Sentenza Sentenza Cassazione Civile n. 9698 del 23/04/2010

Cassazione civile sez. lav., 23/04/2010, (ud. 10/03/2010, dep. 23/04/2010), n.9698

LA CORTE SUPREMA DI CASSAZIONE

SEZIONE LAVORO

Composta dagli Ill.mi Sigg.ri Magistrati:

Dott. ROSELLI Federico – Presidente –

Dott. DE RENZIS Alessandro – Consigliere –

Dott. DI NUBILA Vincenzo – rel. Consigliere –

Dott. BANDINI Gianfranco – Consigliere –

Dott. ZAPPIA Pietro – Consigliere –

ha pronunciato la seguente:

sentenza

sul ricorso 16822-2006 proposto da:

C.N.P.A.F. – CASSA NAZIONALE DI PREVIDENZA E ASSISTENZA FORENSE, in

persona del legale rappresentante pro tempore, elettivamente

domiciliata in ROMA, VIA BOCCA DI LEONE 78, presso lo studio

dell’avvocato LUCIANI MASSIMO, che la rappresenta e difende

unitamente all’avvocato CARBONE LEONARDO, giusta mandato a margine

del ricorso;

– ricorrente –

e contro

EREDI DELL’AVVOCATO D.R.L.: S.I. vedova D.

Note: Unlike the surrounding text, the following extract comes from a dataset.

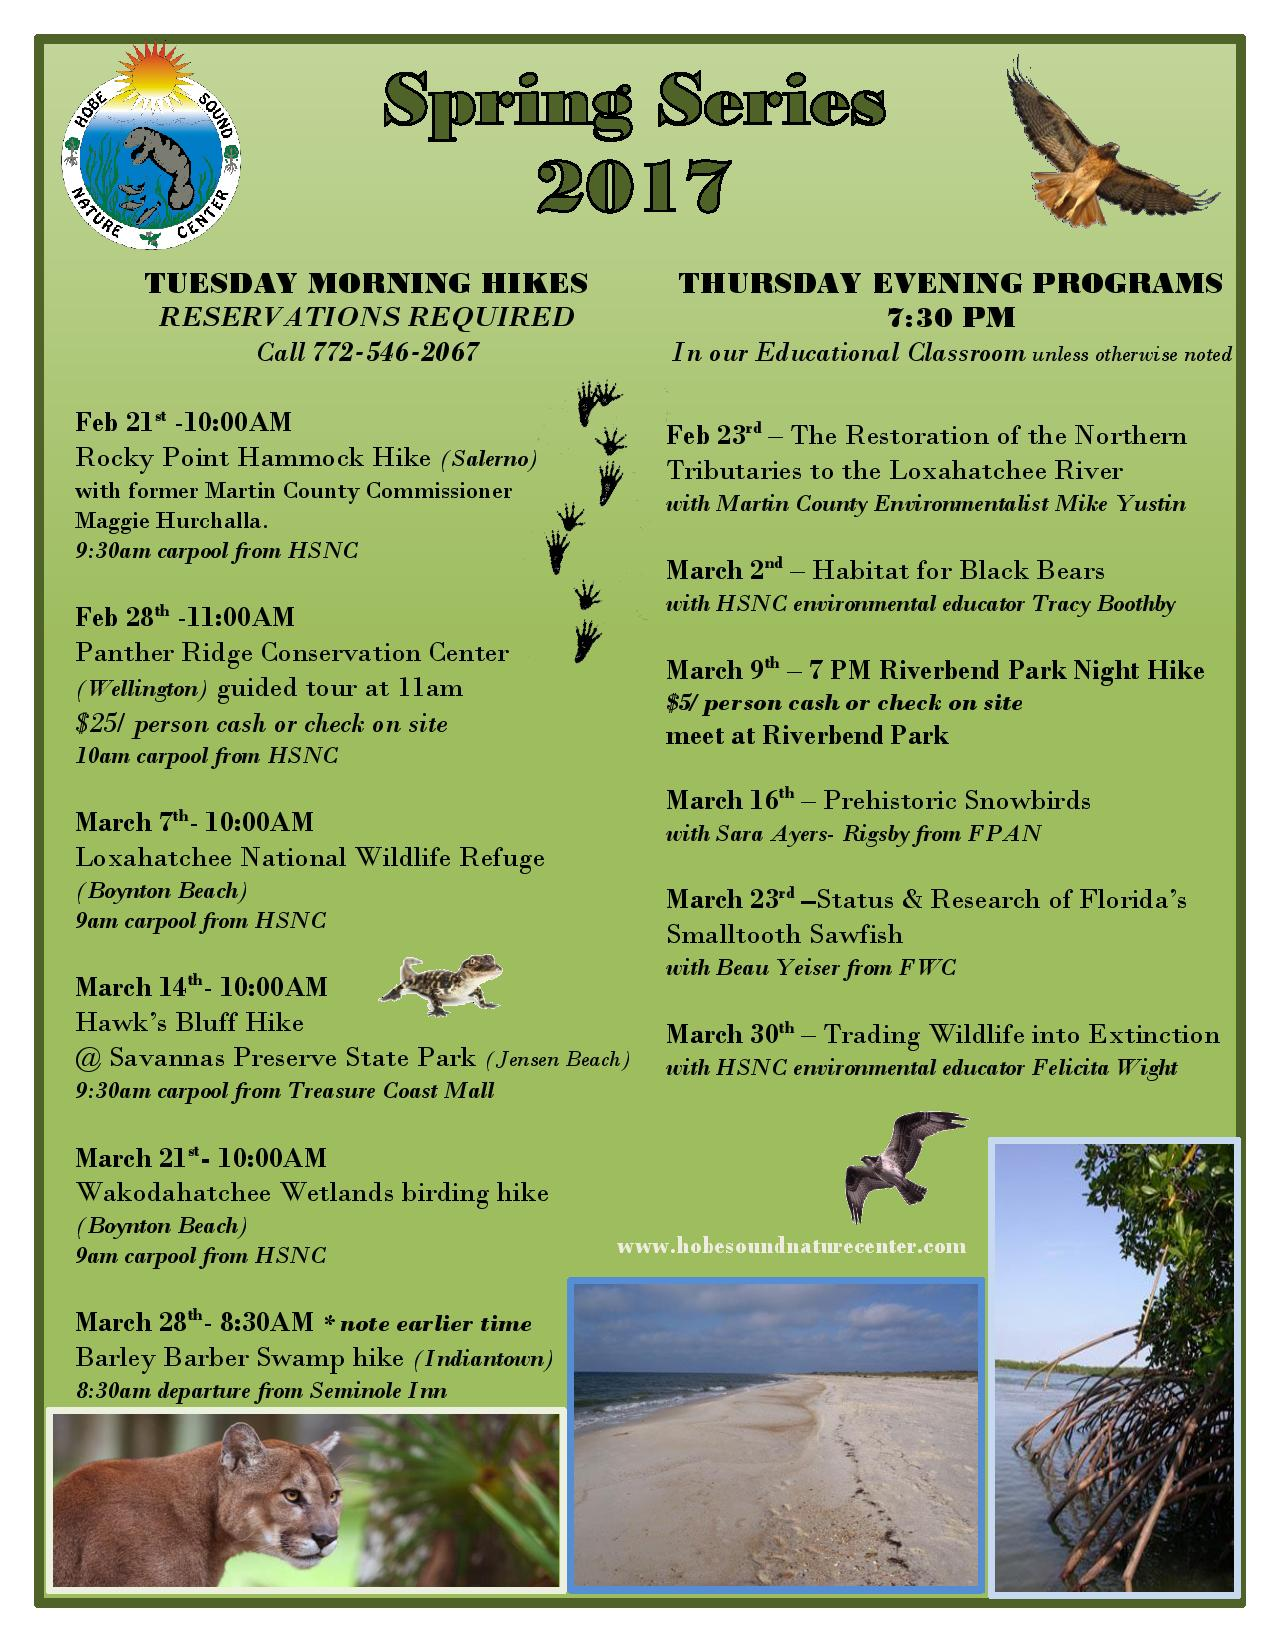 Hobe Sound Nature Center Spring Series
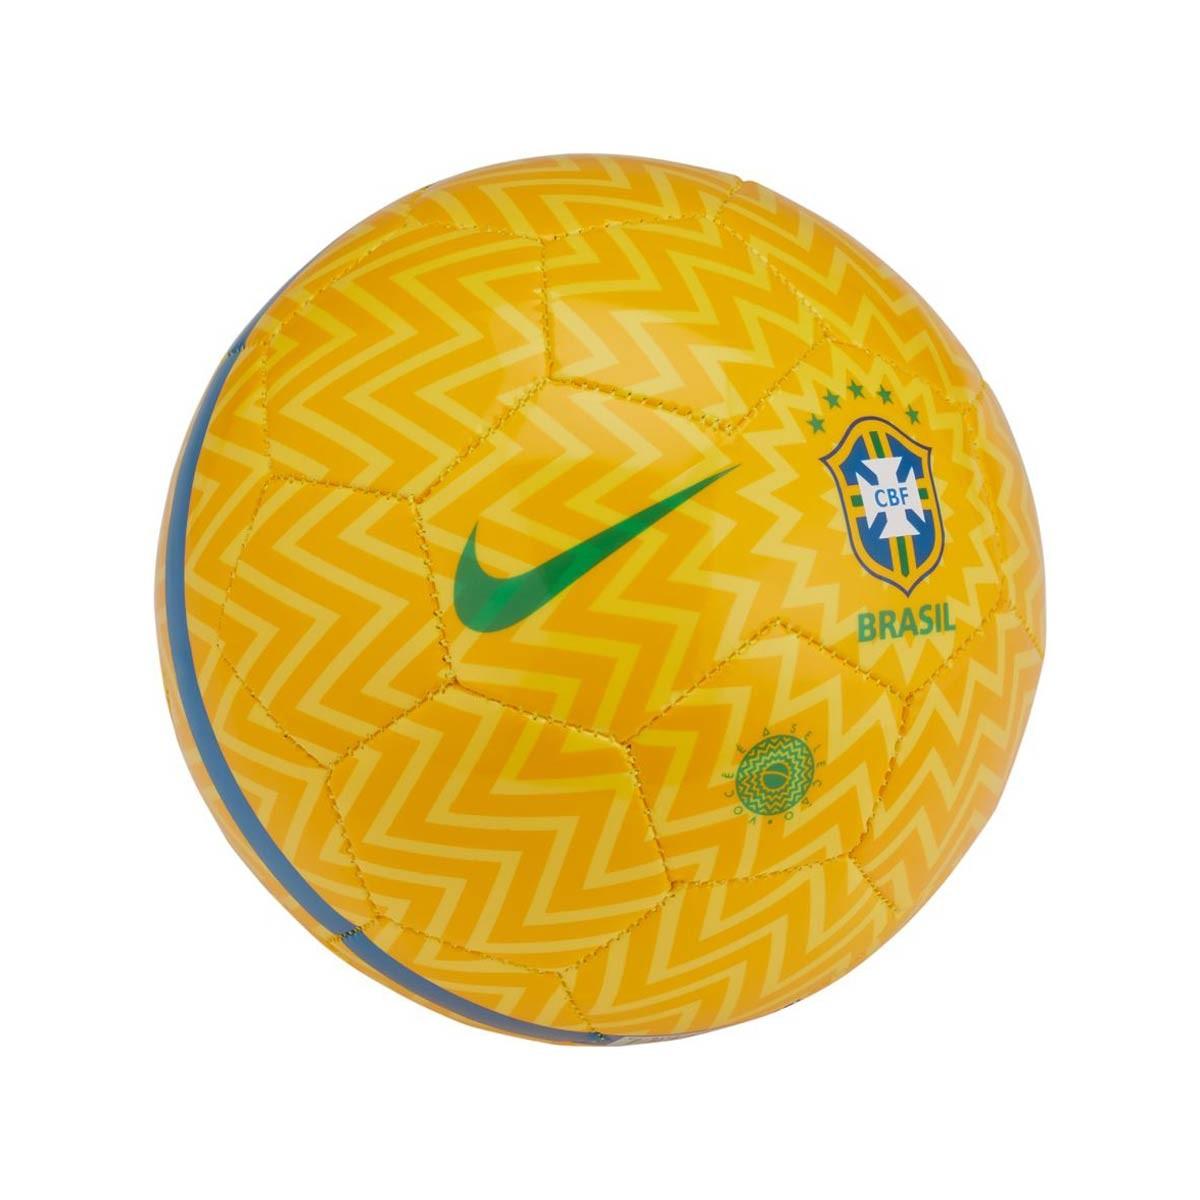 c8399abb97e47 Bola de Futebol Nike Mini Brasil Skills 2018-2019 Samba gold-Lucky green  soar - Loja de futebol Fútbol Emotion

R., AVVOCATO D.R.N., D.R.C., AVVOCATO

G.P.;

– intimati –

sul ricorso 19960-2006 proposto da:

EREDI DELL’AVVOCATO D.R.L.: S.I. vedova D.

R., AVVOCATO D.R.N., D.R.C., AVVOCATO

G.P., elettivamente domiciliati in ROMA, PIAZZA

GIUNONE REGINA 1, presso lo studio dell’avvocato CARLEVARO ANSELMO,

che li rappresenta e difende unitamente agli avvocati PANTALEONI

GIOVANNI, FERRARI PAOLO, DE RIENZO NICOLA, giusta mandato in calce al

controricorso e ricorso incidentale;

– controricorrenti e ricorrenti incidentali –

contro

C.N.P.A.F. – CASSA NAZIONALE DI PREVIDENZA E ASSISTENZA FORENSE;

– intimata –

avverso la sentenza n. 443/2005 della CORTE D’APPELLO di MILANO,

depositata il 24/06/2005 r.g.n. 503/04;

udita la relazione della causa svolta nella pubblica udienza del

10/03/2010 dal Consigliere Dott. VINCENZO DI NUBILA;

udito l’Avvocato LUCIANI MASSIMO;

udito l’Avvocato PANTALEONI GIOVANNI;

udito il P.M. in persona del Sostituto Procuratore Generale Dott.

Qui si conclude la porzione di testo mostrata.